Moreover, a beautiful historical and legendary anecdote ( myths and reality are always interwoven to make sense of our fickle existences) suggests that the most primitive forms of wagashi are found in the fruits and nuts that the Emperor's emissaries brought to Japan, after their journey through India, in search of a supposedly miraculous fruit tree . For it sank its roots in a land where neither old age nor death was known...

Chinese and Portuguese influence (remember here the great imprint of the Portuguese Jesuit missionaries in Japan) were decisive for the conception of the wagashi that has survived to this day. Its refinement and maximum splendor was reached, then, in the Edo period (1603-1868), in the heat of the tea ceremony . Another key to the game subtleties on the palate (and that takes them light years away from the cloying Westerners) is precisely their role as accompaniment with the green tea (matcha) . The astringency of this product should not be lost in a sugary flood. And the Japanese confectionery knows exactly what its place should be.

The poetry of wagashi

The poetics of wagashi

FIREFLIES ON A LANGUID SUMMER NIGHT: THE POETIC OF WAGASHI

In its origins (and until well into the 20th century), Japanese sweets respected the traditional division of the hours of the day and the intakes. The day was divided into eight parts , and the wagashi sneaked in frugally as oyatsu (お八つ) or snack . Another big difference with the western conception of 'dessert' or putting a sweet end to one of the important meals of the day. The wagashi has entity by itself.

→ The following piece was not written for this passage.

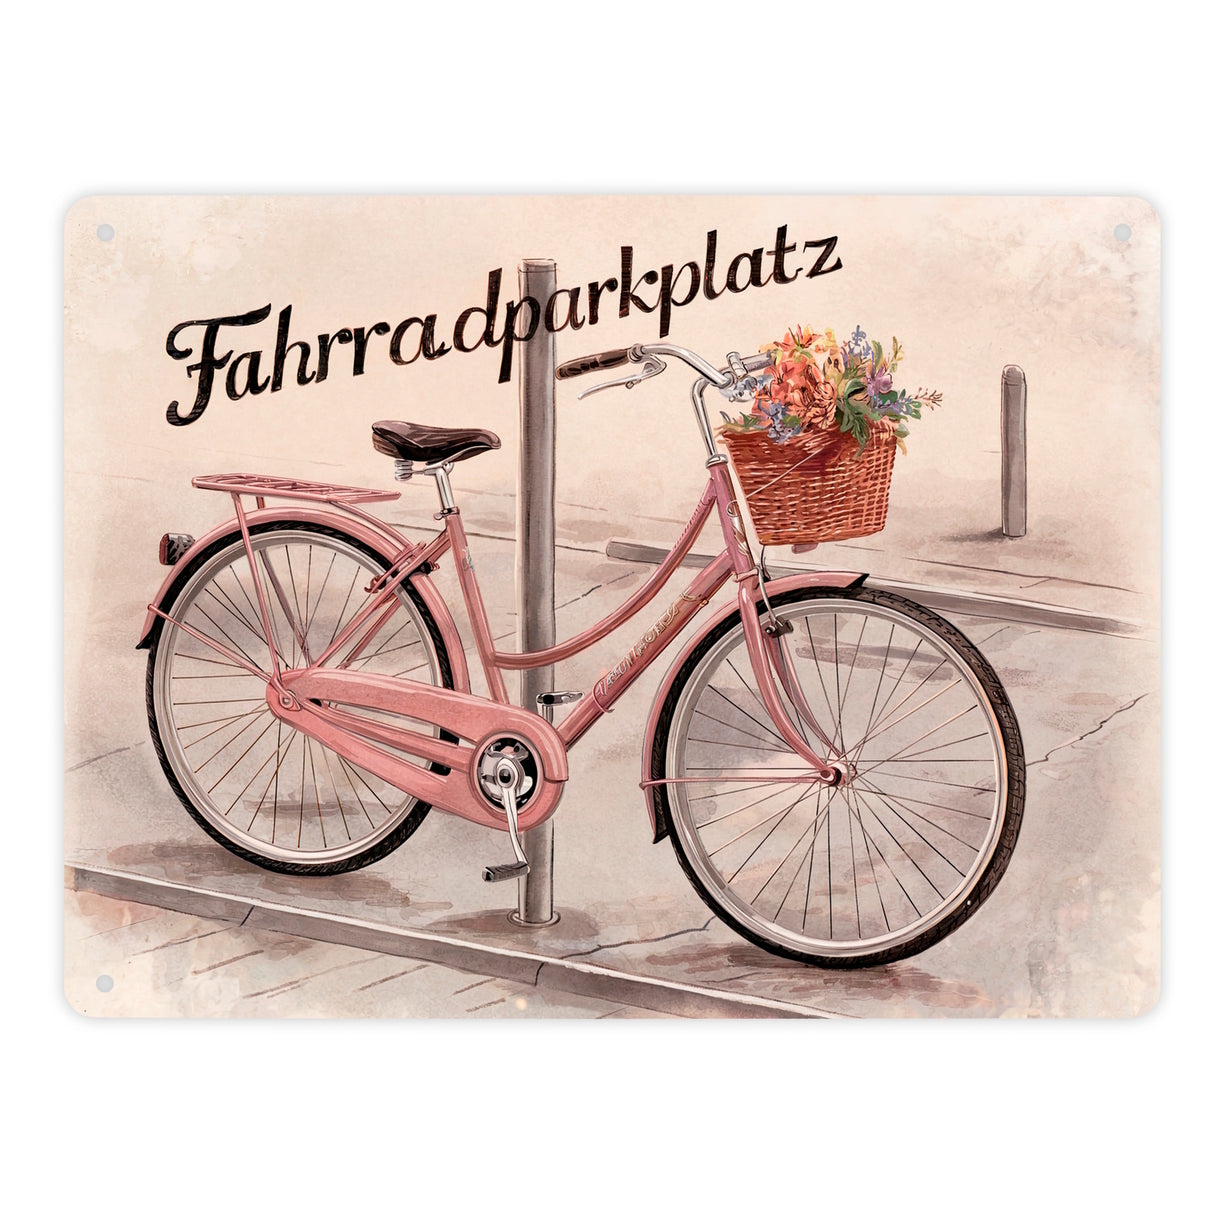 Fahrradparkplatz Metallschild in 15x20 cm mit rosa Drahtesel und Blumenkorb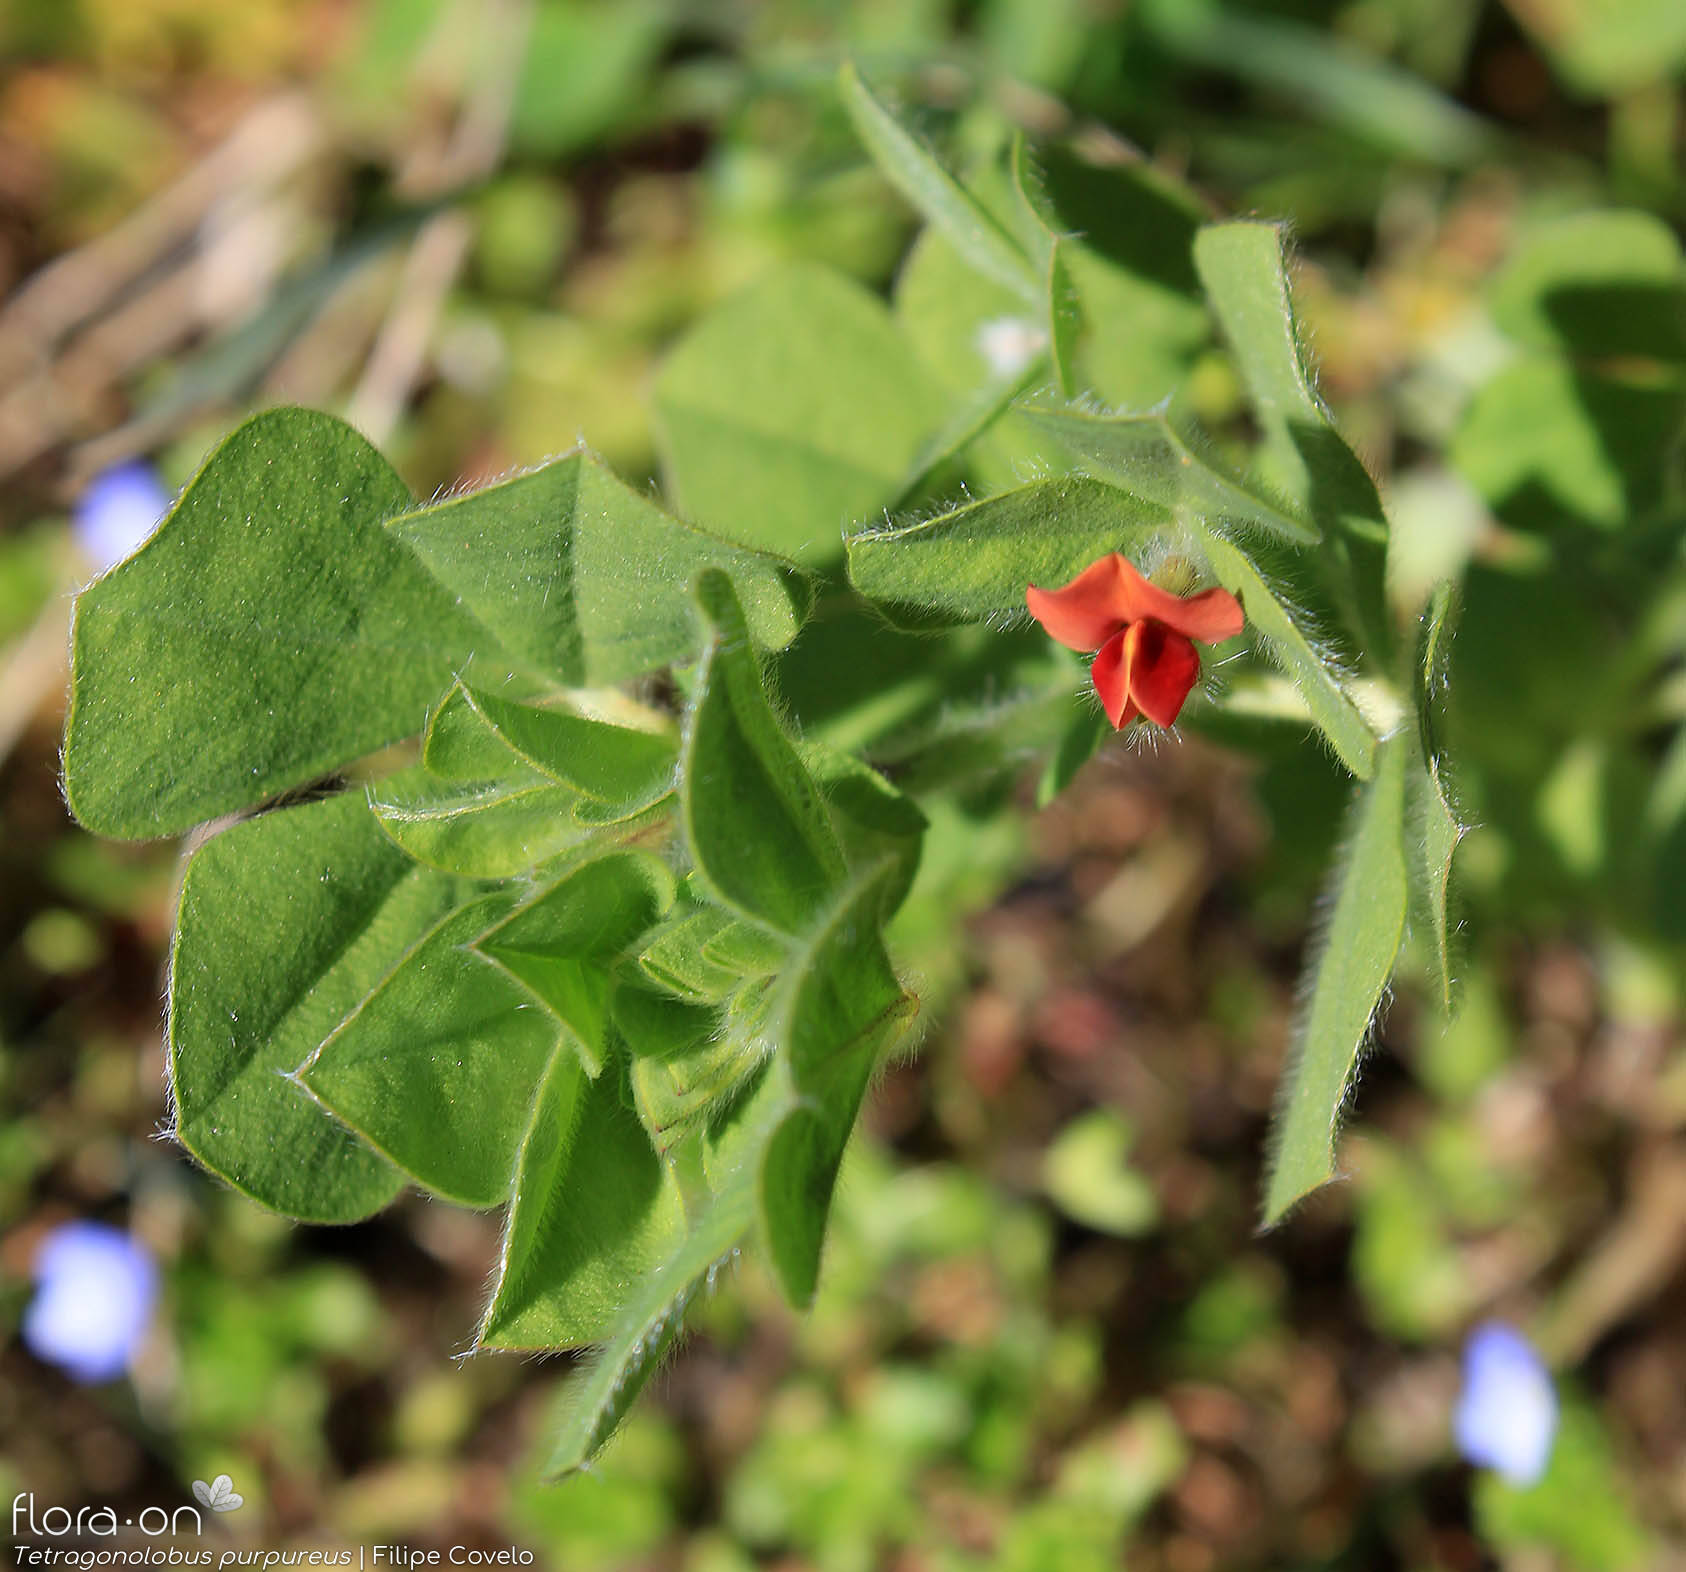 Tetragonolobus purpureus - Flor (geral) | Filipe Covelo; CC BY-NC 4.0

Which allows us to engross ourselves with his particular cosmology . And it explains its elevation to an artistic object: the mastery and advanced levels that Japanese pastry chefs face, turns them practically into goldsmiths . In fact, the ultimate exam a Japanese confectioner must take to truly become a pastry chef (and earn the national diploma) is to precisely chisel a chrysanthemum. Each petal of the hasami giku (鋏菊) is sculpted by hand using special scissors

The fresh sweets that most eloquently reflect the poetics contained in the “art of the five senses” are known as namagashi (生菓子). and transmit a tenderness so irresistible that some, instead of eating them, make you want to sleep hugging them.

The namagashi are 'fresh' confectionery , which has not been subjected to any baking process, and contain a percentage of water around 30%. They require great dexterity and skill of poetic evocation. On the one hand, the pressure that a fingertip exerts on them can make the difference between a suggestive detail or a true national catastrophe.

For another, these candies seem to whisper a haiku to us : a simple verse of 17 syllables capable of awakening memories and sensations; starting from the contemplation of something everyday and earthly and reaching a universal dimension. One more time, we return to nature and seasonal change as the engine of poetic creation . Not as an excuse, but as a carrier of meaning.

Can a firefly on the edge of the lake emit a golden flash as fleeting as the summer of our childhood?

While we ponder, we can bite into a rabbit-shaped manju as white as the autumn moon at Takashi Ochiai's patisserie. Because he is not in a hurry. and neither do we.